Saturday, February 16, 2008

Niche dedication...



A record of efforts spent in relative obscurity but resulting in exceptional beauty for the lucky discoverer. From Sway's:

Year Built: 30 years

Dimensions:
Shaper:
Dale Solomonson
Manufacturer: Dale Solomonson
Location: Pacific Northwest

A while back I was photographing a few of the surfmats which I`ve made over the last 30 years, having found them scattered around under dust and tucked away in my shop`s loft. In addition to my old ones, examination of the photos reveals two new surfmats: one is black/yellow (Warren Pfeiffer of Yamba, NSW) and the other is black/black (Kenny Hughes of Santa Barbara, CA). Both feature rocker and rotary valves.

In contrast, two other mats in the pics are very old and completely thrashed: a yellow DuPont Hypalon large wave design (15' to 18') and a white Naugahyde mat. Both represent two phases of my matworks from the 1970`s through about 1980. In addition to thin sheets of Hypalon and Naugahyde, I was also experimenting with pure rubber, PVC and neoprene.

Each new surfmat project was taking me about 30 to 40 hours of labor (not counting design time), and just prior to my 1982 discovery and initial experiments with the original "Hero" mat`s heatseal nylon/PU fabric, average construction time had been trimmed to "only" 20 hours!
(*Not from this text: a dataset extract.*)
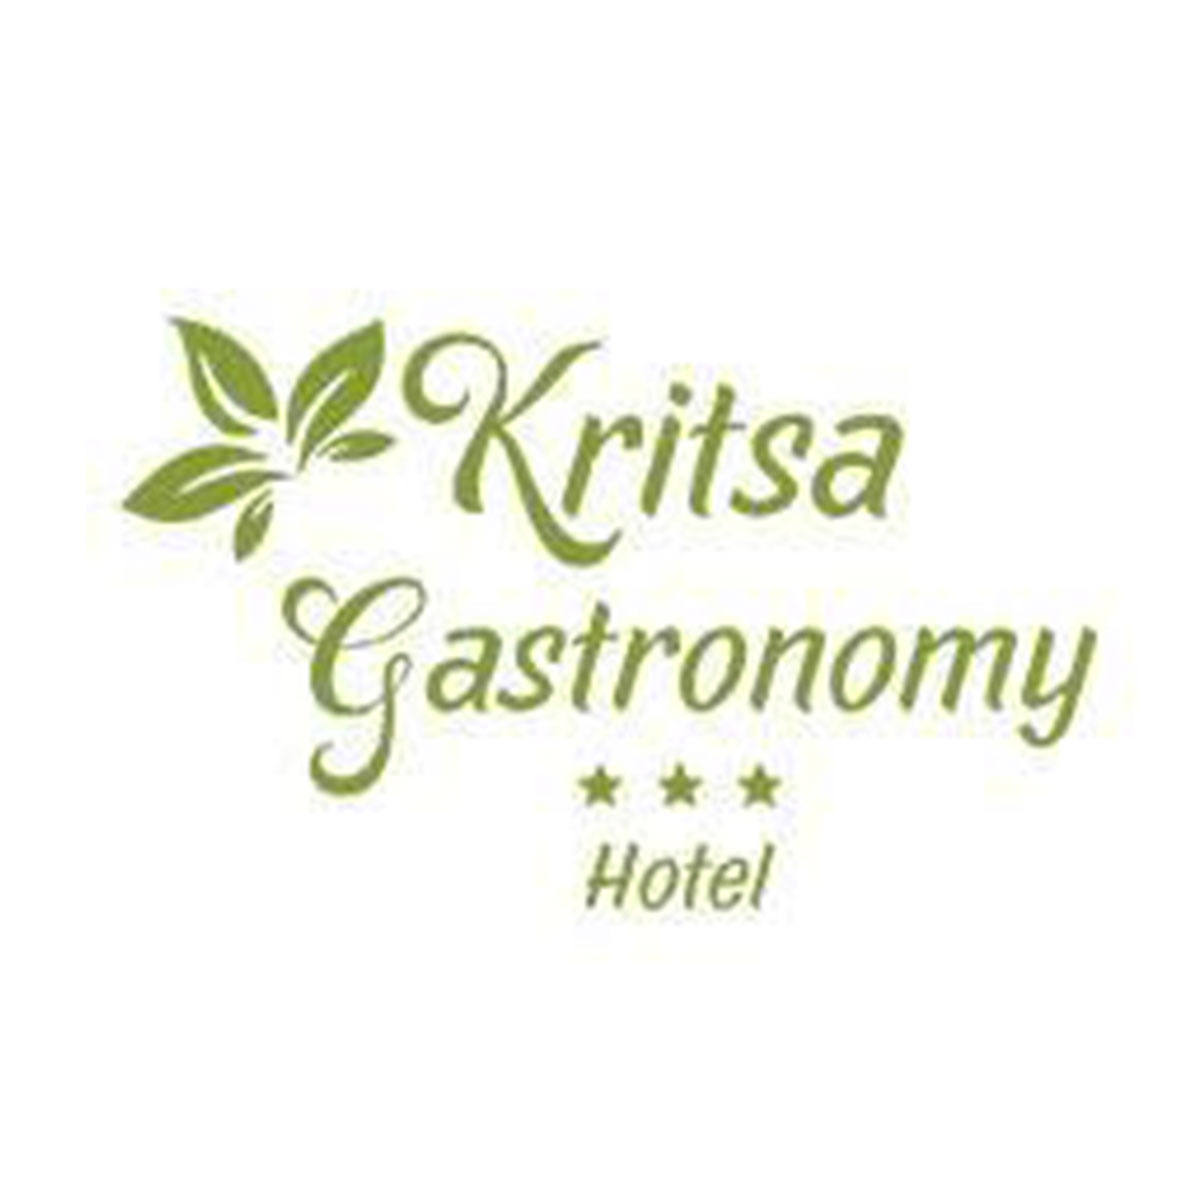 Kritsa Gastronomy Hotel

One of the most exciting things about those early surfmat projects was that I`d successfully lowered their overall weight (yet increased the overall strength) from about 7 or 8 lbs. for a typical rubber and canvas raft, to 5 lbs. for the mats I was making by the latter 1970`s. As can be imagined, going from 8 lbs. to 5 lbs. was an improvement, especially in terms of sensitivity... but to go immediately from 5 lbs. to less than 16 ounces... well, that was literally a dream come true!

After I made George Greenough`s first military green "Hero" mat in the winter of 1982-83, an entirely new chapter in high performance mat surfing began to unfold, with radical changes occurring in design, materials, and fabrication. The results were significant gains in overall speed, handling and response... an endlessly fascinating process which continues to the present day."
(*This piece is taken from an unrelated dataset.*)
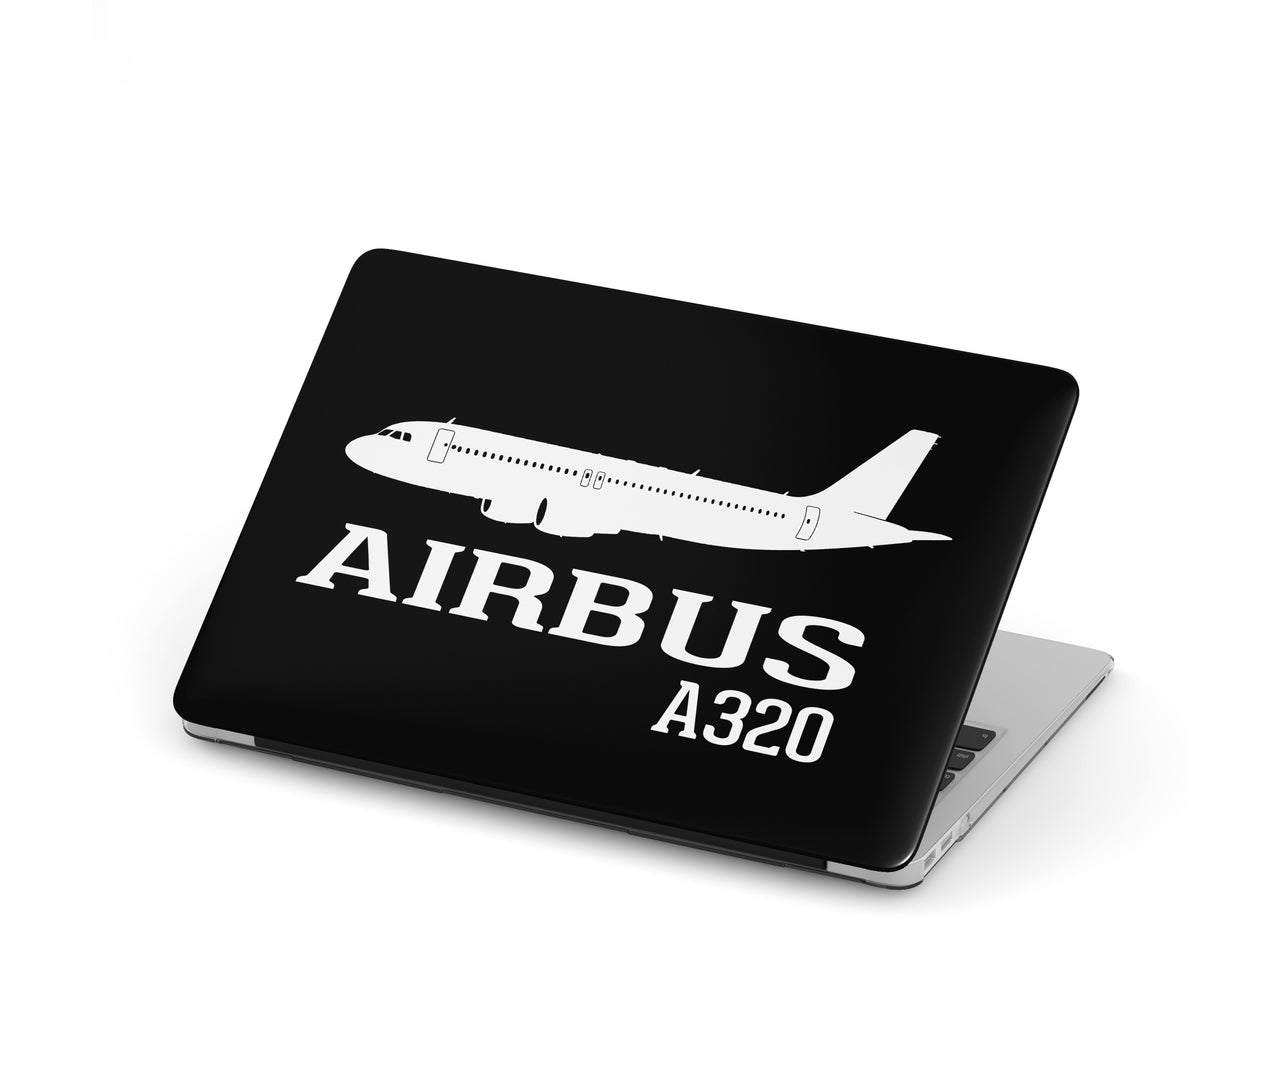 Airbus A320 Printed Designed Macbook Cases

I have found the new Mat to be a wonderful tool/toy. It looks so silly, but senses are chattering! If you haven't tried it, you must!

I saw a lone surfer jogging down a beach trail today, bag rolled up, duckfeet in hand. The second Mat rider I've ever seen in my county. I was driving by and had the urge to stop, run to catch him and then... What would I say? Why? Let it be evidence of the human condition- we love to share a treasured secret.

3 comments:

pranaglider said...

regarding contacting the "other mat rider" you saw. It's just like the 50's. Small club lots of fun. When I rejoin the living we have to have a go out.

KYScoast said...

What cool post. I've never read anything, anywhere revealing so much detail concerning what goes into surf mat design/construction. A mat like those you show are what I rode my first wave on in about 1958. Yeah on one of those, that's where the pure joy of the glide began for me, the first "thing" I ever rode. I had totally forgotten until I saw the photo in your post of the gathered mats. What a fine memory. Many thanks!

asmith said...

PG- I like the comparison to surfers in the 50's. We should arrange a little SoCal mat meet. It might be kind of fun to play "bumper boogie!"

Kys- Dale is the real deal. The mats he's making are a lot different than those old canvas/rubber ones. You should give it a go on one of his current mats.